Murdering people in a house of worship is despicable regardless of the faith, unless there is undeniable proof that the building is being used to plan kidnappings, killings or terrorist activities. None of that was the case at Mother Emanuel. Roof was the only killer or terrorist there.
There are so many elements of this that make my heart ache; the cowardly nature of it, the waste of good people, the pointlessness of the shooting itself…nothing was accomplished except to cause a community needless suffering. The race war Roof had hoped to ignite isn’t happening and he wasn’t able to shoot himself because he was out of ammo, so now he rots in jail. Hardly the memorable exit he had planned to make.
Every image and video clip of him show a young man with almost no visible spirit, eyes empty, going through the motions of living but with little life actually in him. It’s difficult to describe and disturbing to see.

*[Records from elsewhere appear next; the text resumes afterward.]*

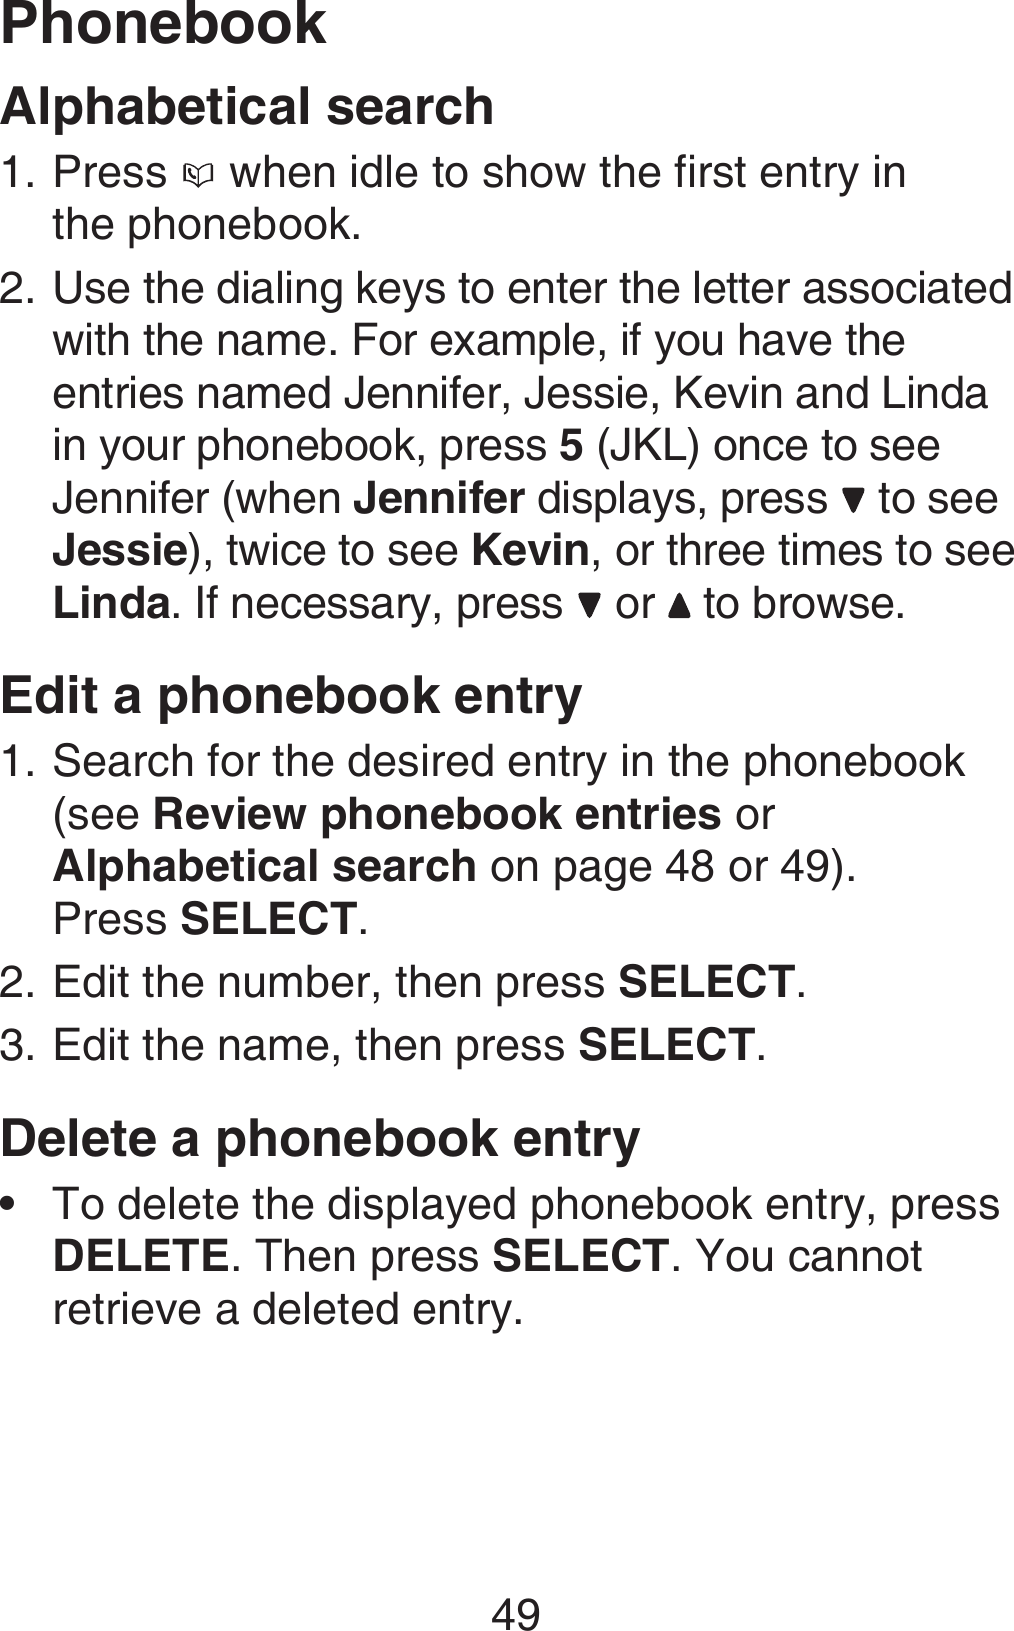 49PhonebookAlphabetical searchPress   when idle to show the first entry in  the phonebook.Use the dialing keys to enter the letter associated with the name. For example, if you have the entries named Jennifer, Jessie, Kevin and Linda in your phonebook, press 5 (JKL) once to see Jennifer (when Jennifer displays, press   to see Jessie), twice to see Kevin, or three times to see Linda. If necessary, press   or   to browse.Edit a phonebook entrySearch for the desired entry in the phonebook (see Review phonebook entries or Alphabetical search on page 48 or 49).  Press SELECT.Edit the number, then press SELECT.Edit the name, then press SELECT.Delete a phonebook entryTo delete the displayed phonebook entry, press DELETE. Then press SELECT. You cannot retrieve a deleted entry.1.2.1.2.3.•
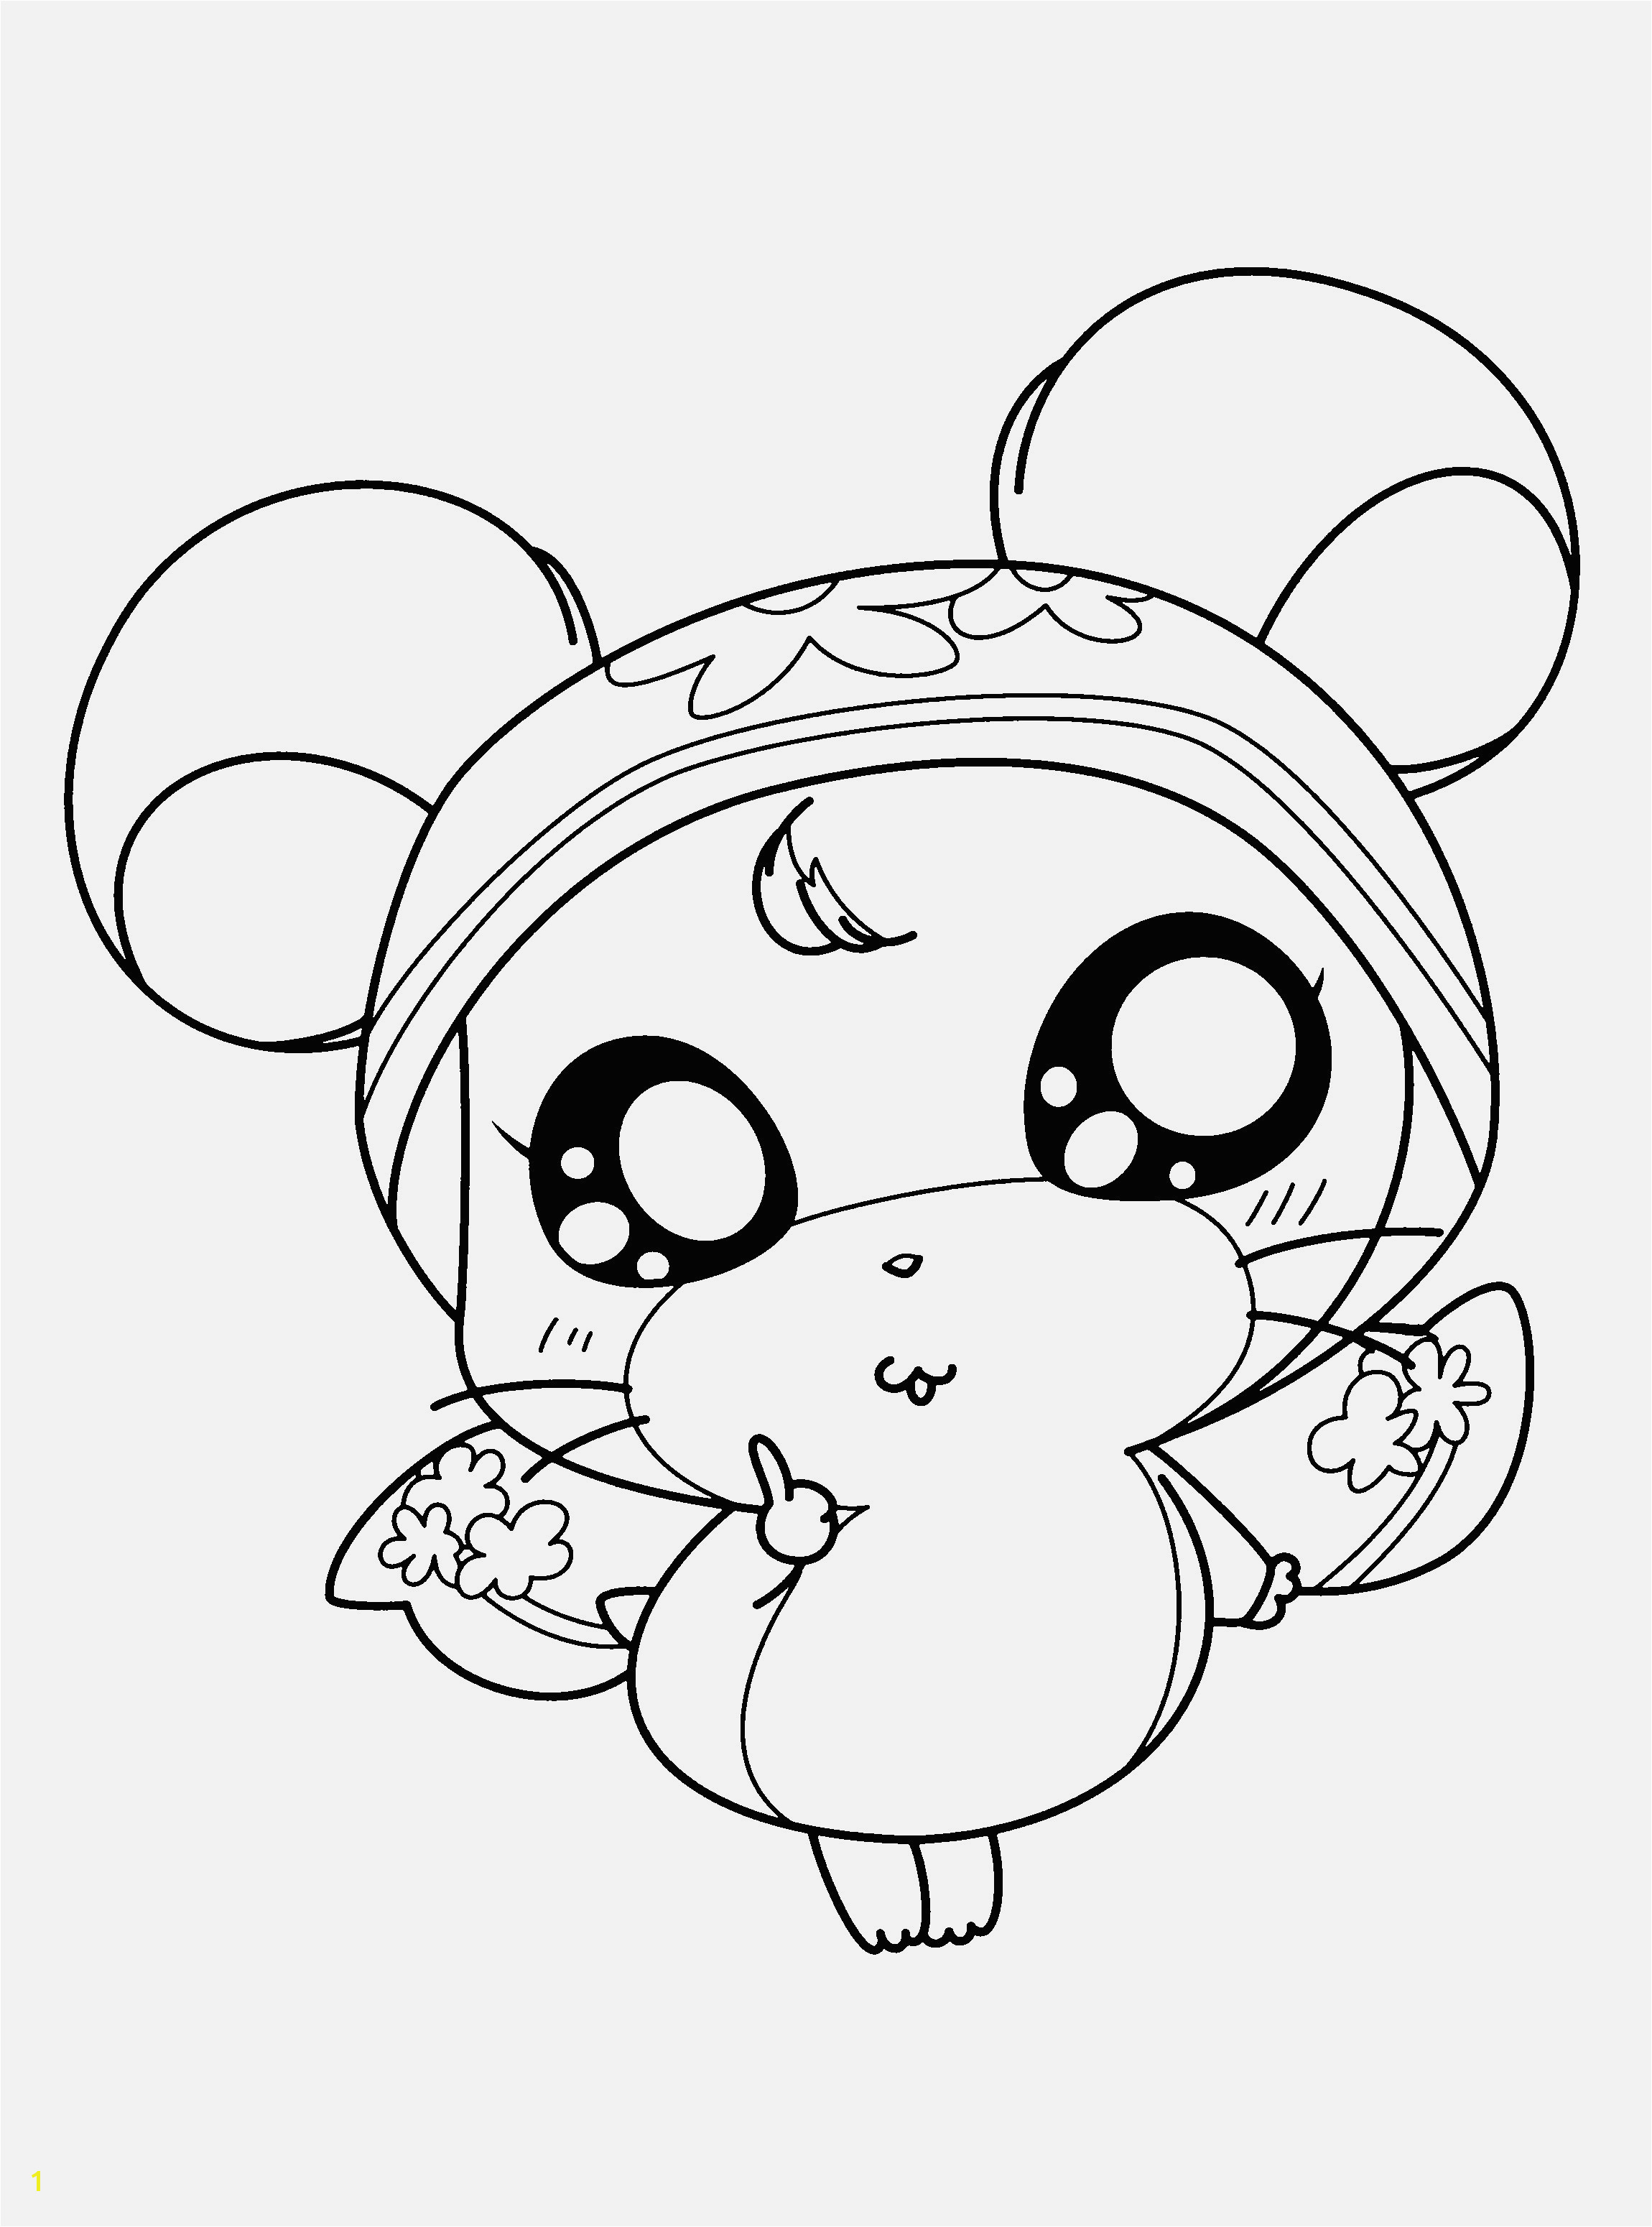 Care Bear Coloring Pages Printable Coloring Pages Bear Coloring Pages Lovely ¢†¡
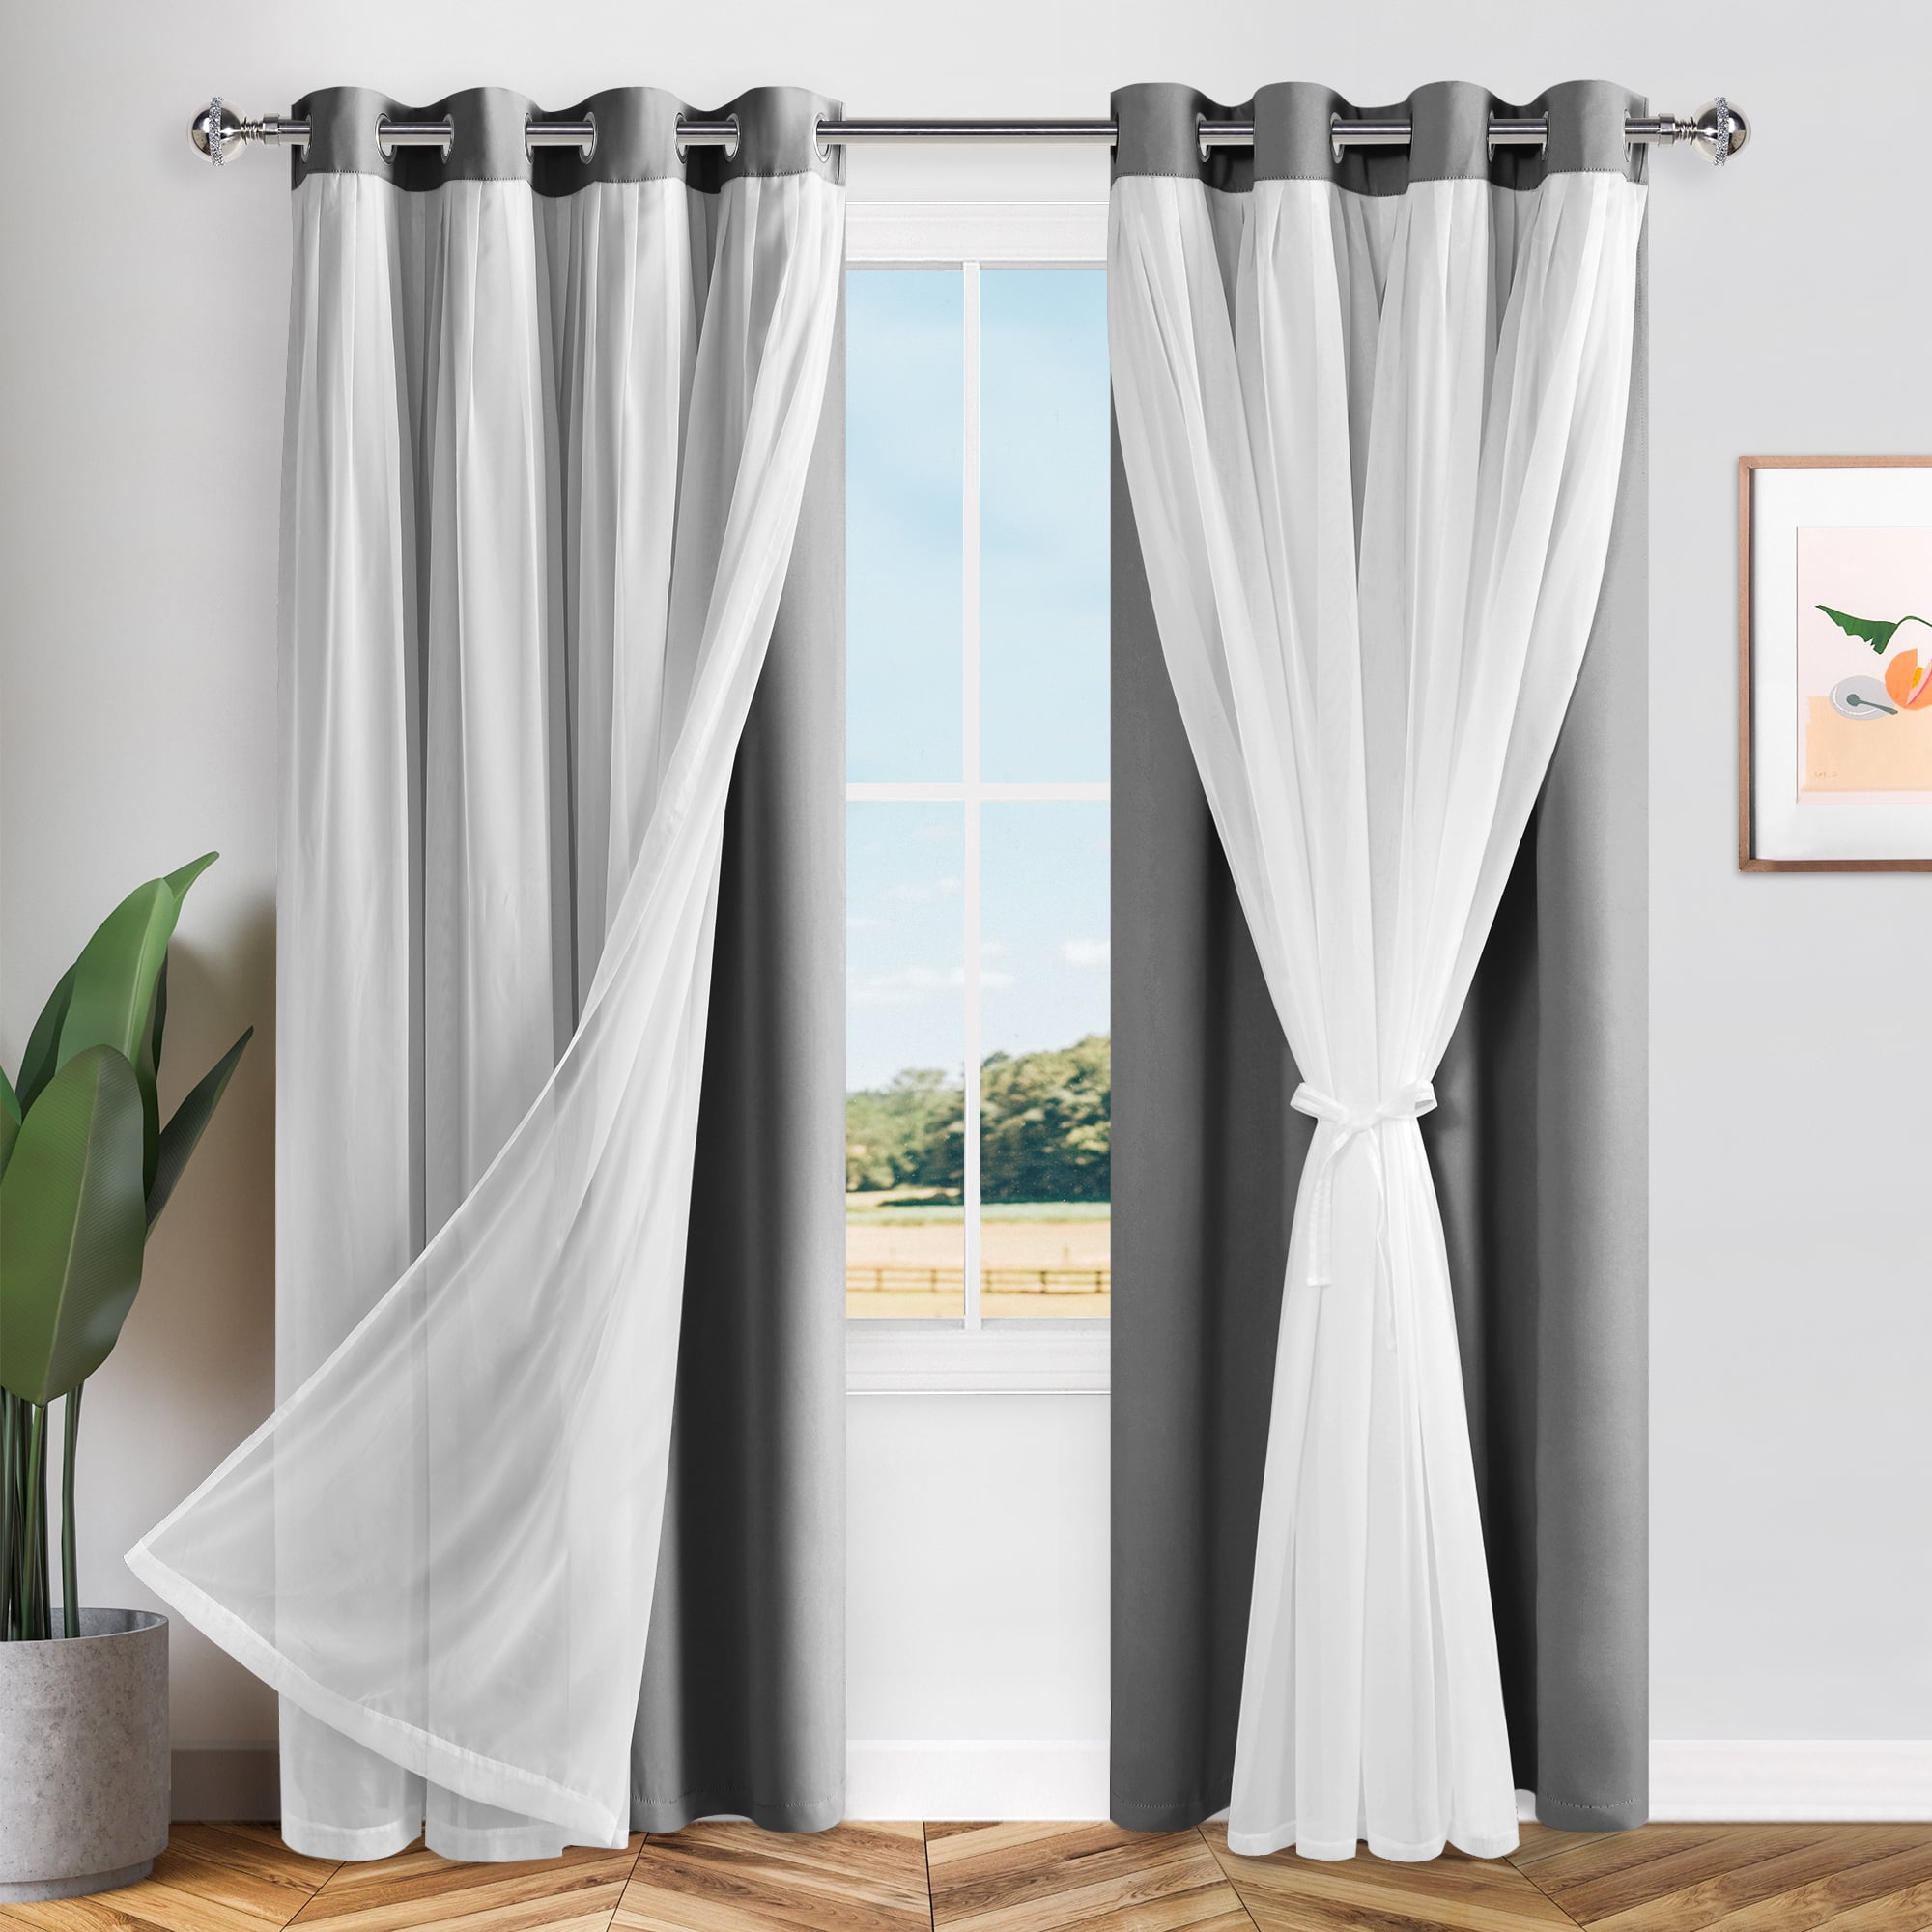 Hiasan Grey Blackout Curtains with Sheer Overlay, Grommet Thermal

In his manifesto he came across as hateful and angry, but also somewhat mechanical, a person who had accepted what he thought was his fate and was just counting the minutes until his ‘work’ was finished and he didn’t have to live with that fate any longer. In his mind killing nine people he didn’t even know made perfect sense, even though they had never harmed him. I’m really struggling with that. My empathy puts me in the places of the families and friends of the victims. If a soulless monster gunned down my parents or brother while they were at worship, how would I react? I know myself well enough to understand that I’d be devastated first – then angry. I’d want the shooter to suffer in prison. However, the victims of Mother Emanuel have taken a different approach: they’ve forgiven Dylann Roof and let him know they harbor no ill will or desire to inflict revenge. I find that beautiful, amazing and inspiring.
If anything good can be taken from this, it’s that humans have the deep capacity to live their convictions and let love prevail, even when faced with such boundless and seething hatred. Every human being can learn something from their example and make their own corner of the world a better place – provided they are open to it.
Roof is likely to be in the news a lot over the next few years as the investigation, trial and eventual sentencing commence. I doubt that deluded boy will ever see life outside of confinement. Every view he has for the remainder of his existence will be through metal bars or chain-link fences.
Meanwhile, Mother Emanuel will continue to be a beacon to it’s community for strength and healing. Their charity and ministerial work will go on long after Dylann Roof is but a memory and the tragedy he caused is part of their distant past.
I find that comforting. May they be surrounded by love, light and healing energy as they begin the process of recovery.
Blessings and love to them all.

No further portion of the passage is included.